With Mergesort, it's even worse. You are going to write 100% of elements in another array and write it back in the original one, even if data is already ordered.

With Quicksort you don't swap what is already ordered. If your data is completely ordered, you swap almost nothing! Although there is a lot of fussing about worst case, a little improvement on the choice of pivot, any other than getting the first or last element of array, can avoid it. If you get a pivot from the intermediate element between first, last and middle element, it is suficient to avoid worst case.

What is superior in Quicksort is not the worst case, but the best case! In best case you do the same number of comparisons, ok, but you swap almost nothing. In average case you swap part of the elements, but not all elements, as in Heapsort and Mergesort. That is what gives Quicksort the best time. Less swap, more speed.

The implementation below in C# on my computer, running on release mode, beats Array.Sort by 3 seconds with middle pivot and by 2 seconds with improved pivot (yes, there is an overhead to get a good pivot).
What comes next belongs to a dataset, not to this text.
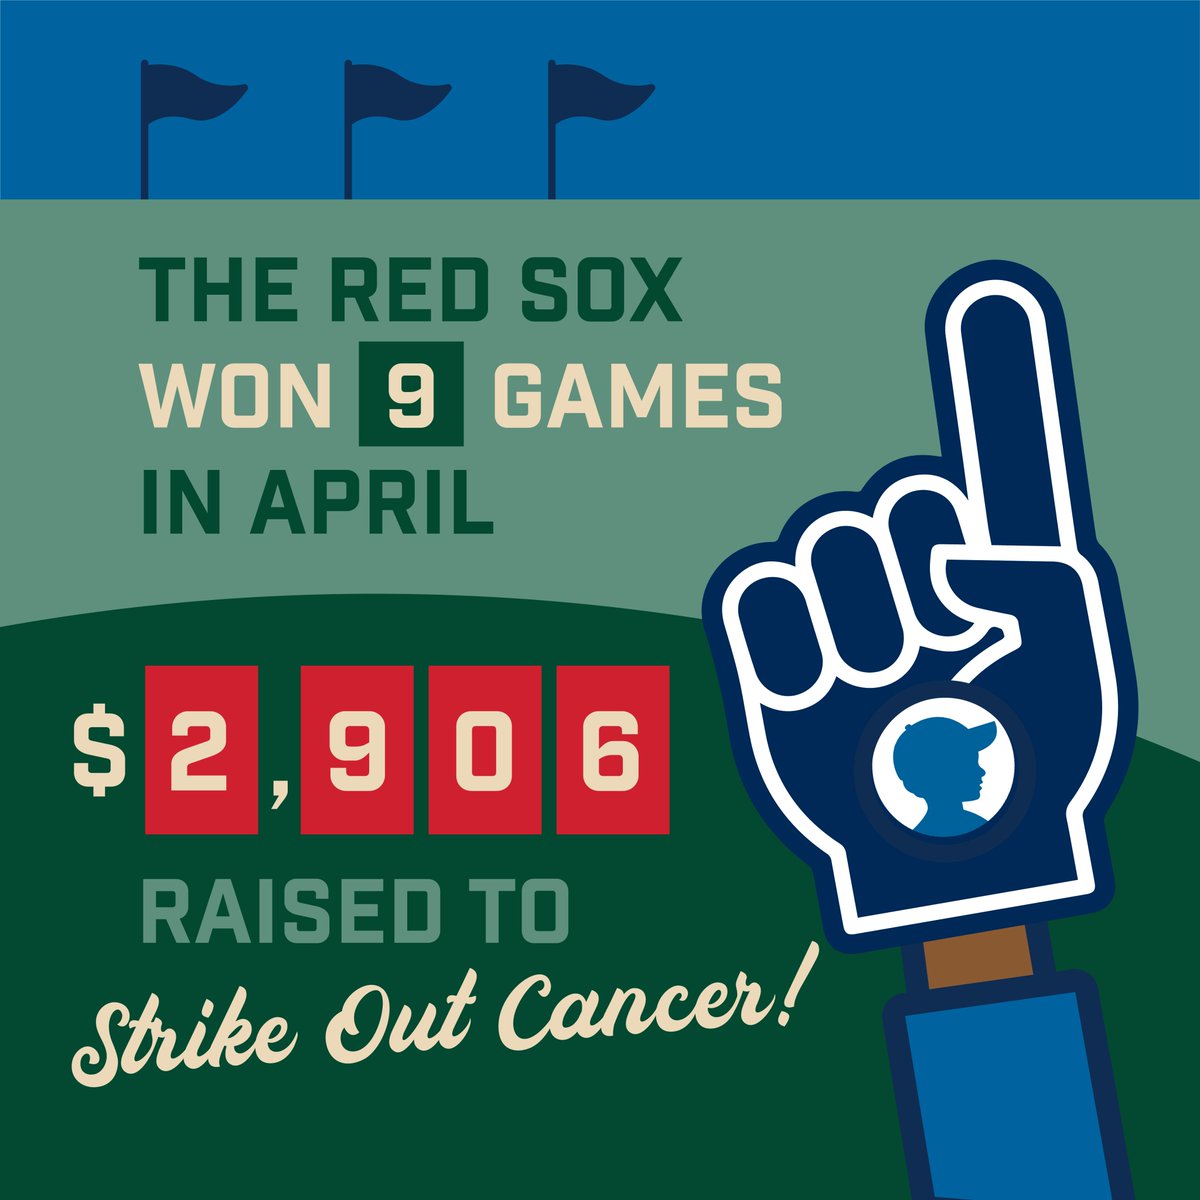 So I am giving $5/win. Please, @RedSox, make @TheJimmyFund take more of my money. https://t.co/TvrsJ8fNyM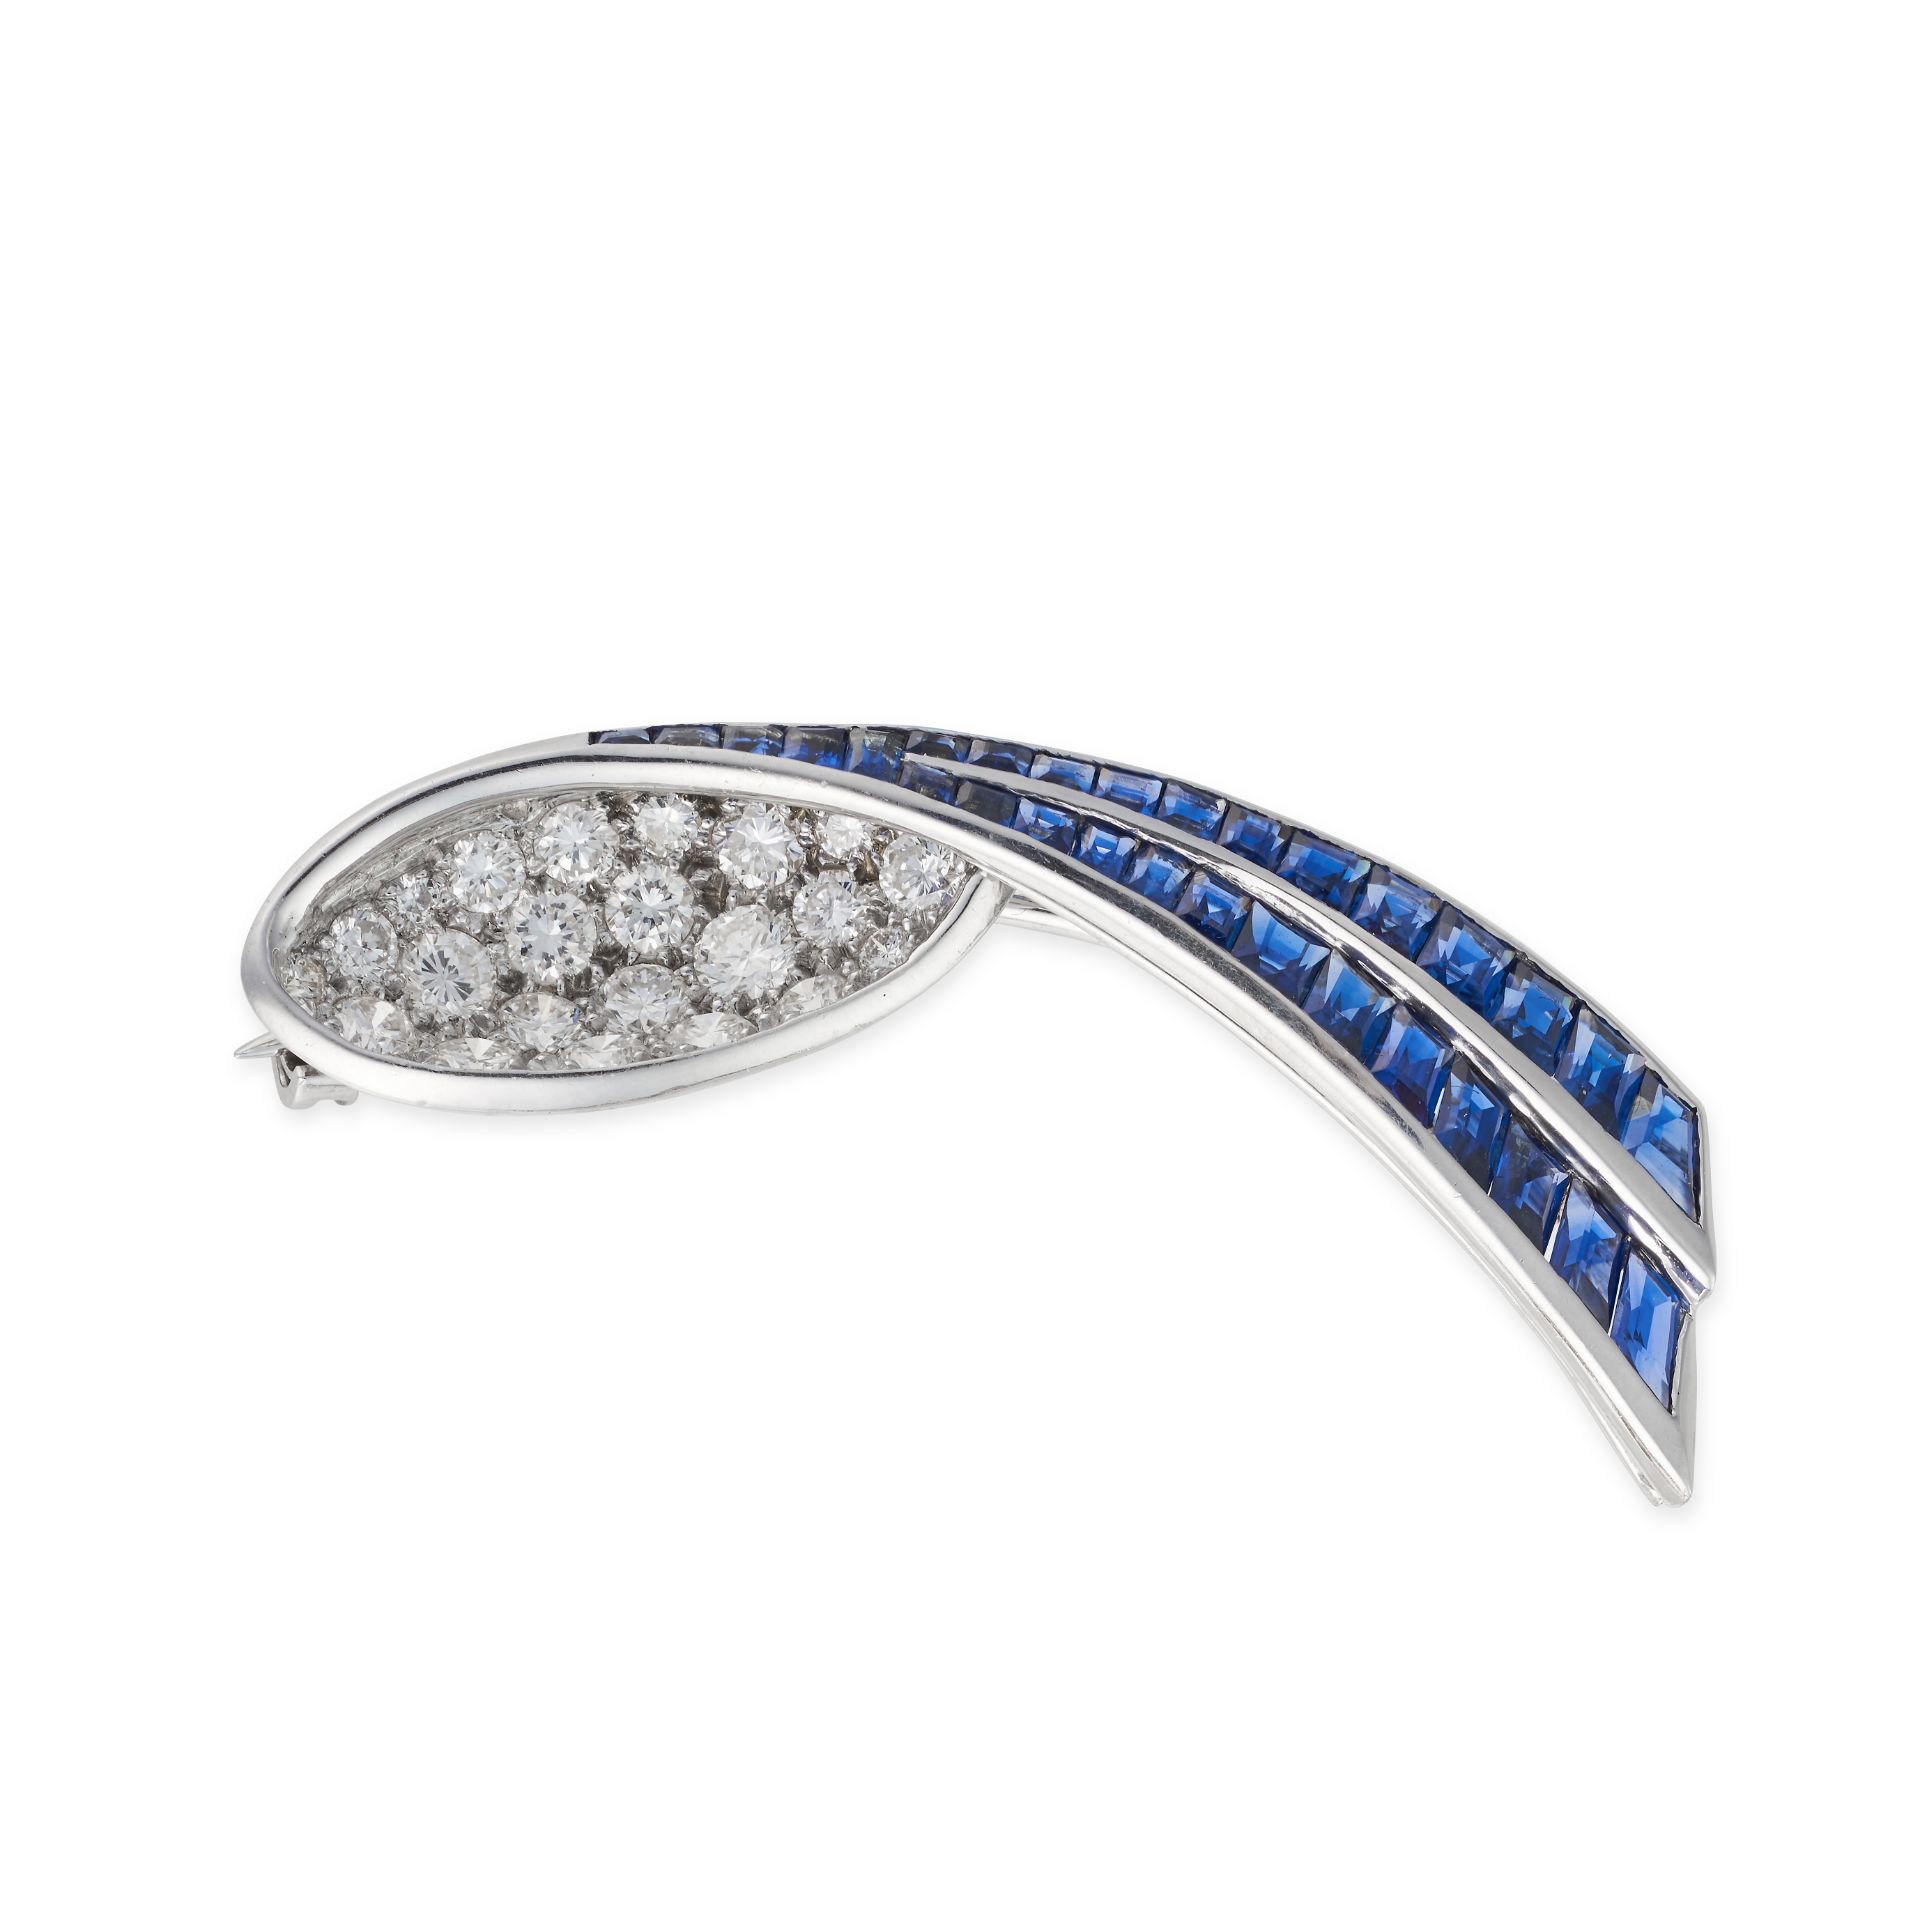 A SAPPHIRE AND DIAMOND SPRAY BROOCH in 18ct white gold, set with round brilliant cut diamonds and...

static void Main(string[] args)
{
    int[] arrToSort = new int[100000000];
    var r = new Random();
    for (int i = 0; i < arrToSort.Length; i++) arrToSort[i] = r.Next(1, arrToSort.Length);

    Console.WriteLine("Press q to quick sort, s to Array.Sort");
    while (true)
    {
        var k = Console.ReadKey(true);
        if (k.KeyChar == 'q')
        {
            // quick sort
            Console.WriteLine("Beg quick sort at " + DateTime.Now.ToString("HH:mm:ss.ffffff"));
            QuickSort(arrToSort, 0, arrToSort.Length - 1);
            Console.WriteLine("End quick sort at " + DateTime.Now.ToString("HH:mm:ss.ffffff"));
            for (int i = 0; i < arrToSort.Length; i++) arrToSort[i] = r.Next(1, arrToSort.Length);
        }
        else if (k.KeyChar == 's')
        {
            Console.WriteLine("Beg Array.Sort at " + DateTime.Now.ToString("HH:mm:ss.ffffff"));
            Array.Sort(arrToSort);
            Console.WriteLine("End Array.Sort at " + DateTime.Now.ToString("HH:mm:ss.ffffff"));
            for (int i = 0; i < arrToSort.Length; i++) arrToSort[i] = r.Next(1, arrToSort.Length);
        }
    }
}

static public void QuickSort(int[] arr, int left, int right)
{
    int begin = left
        , end = right
        , pivot
        // get middle element pivot
        //= arr[(left + right) / 2]
        ;

    //improved pivot
    int middle = (left + right) / 2;
    int
        LM = arr[left].CompareTo(arr[middle])
        , MR = arr[middle].CompareTo(arr[right])
        , LR = arr[left].CompareTo(arr[right])
        ;
    if (-1 * LM == LR)
        pivot = arr[left];
    else
        if (MR == -1 * LR)
            pivot = arr[right];
        else
            pivot = arr[middle];
    do
    {
        while (arr[left] < pivot) left++;
        while (arr[right] > pivot) right--;

        if(left <= right)
        {
            int temp = arr[right];
            arr[right] = arr[left];
            arr[left] = temp;

            left++;
            right--;
        }
    } while (left <= right);

    if (left < end) QuickSort(arr, left, end);
    if (begin < right) QuickSort(arr, begin, right);
}

Solution 3

For most situations, having quick vs. a little quicker is irrelevant... you simply never want it to occasionally get waayyy slow. Although you can tweak QuickSort to avoid the way slow situations, you lose the elegance of the basic QuickSort. So, for most things, I actually prefer HeapSort... you can implement it in its full simple elegance, and never get a slow sort.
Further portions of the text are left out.